What you need to do.
Restate word for word the lines of the entries below, starting with the line that holds "grandmother grandson short incest stories" and ending with the line that holds "Energieberatung-Energieausweis-Nicht-Wohngebaeude", and no others.

Data for the task START

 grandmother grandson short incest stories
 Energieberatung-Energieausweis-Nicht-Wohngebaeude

Data for the task END
Data for the task START

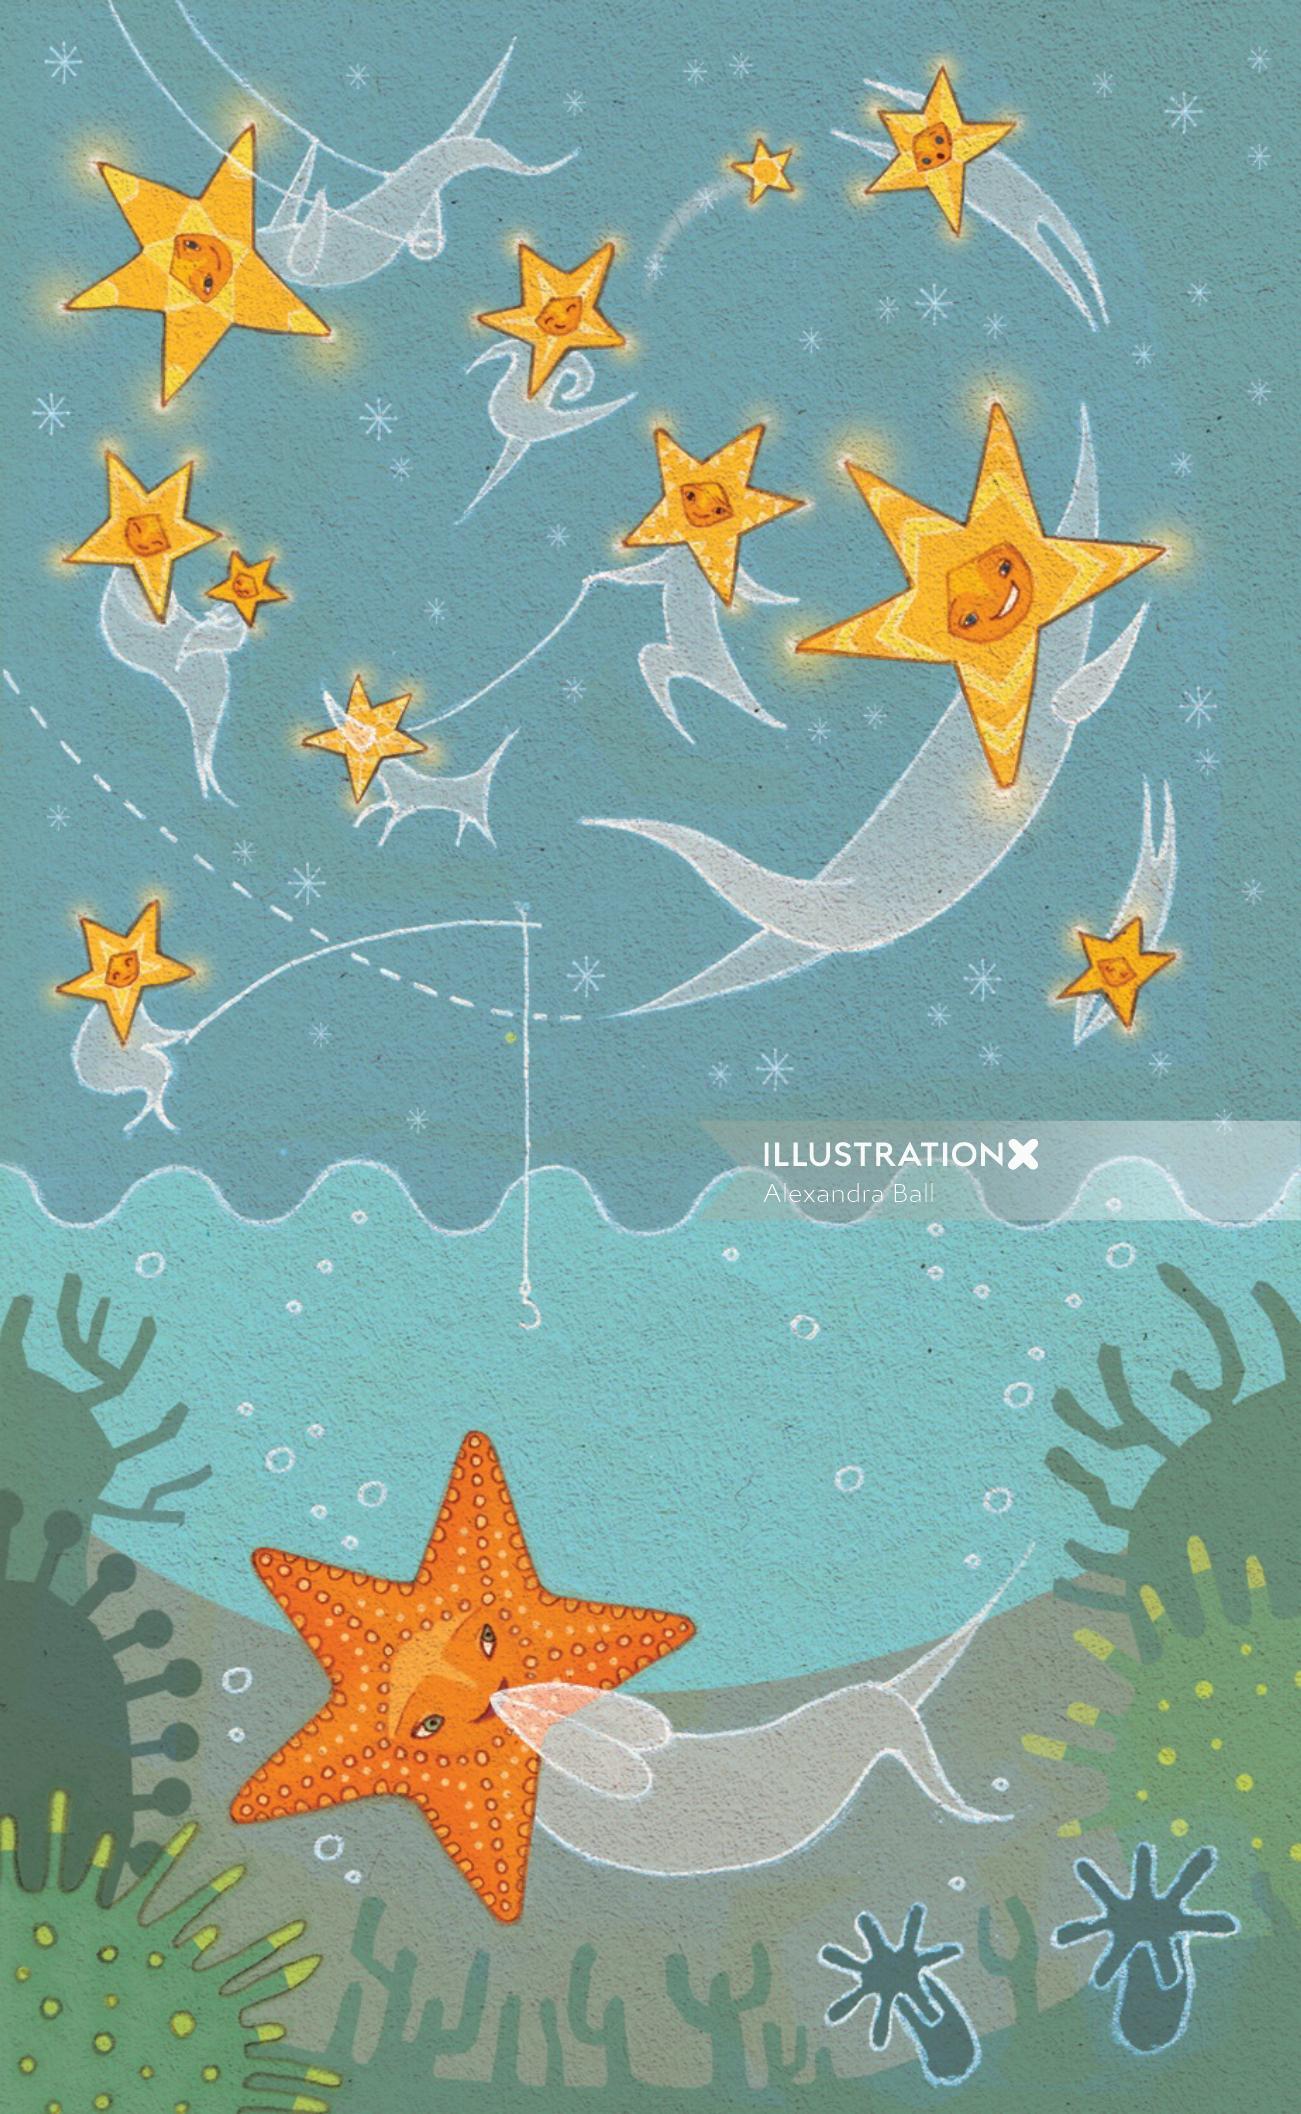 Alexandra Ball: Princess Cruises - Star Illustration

Data for the task END

Reply.
 grandmother grandson short incest stories
 Energieberatung-Energieausweis-Nicht-Wohngebaeude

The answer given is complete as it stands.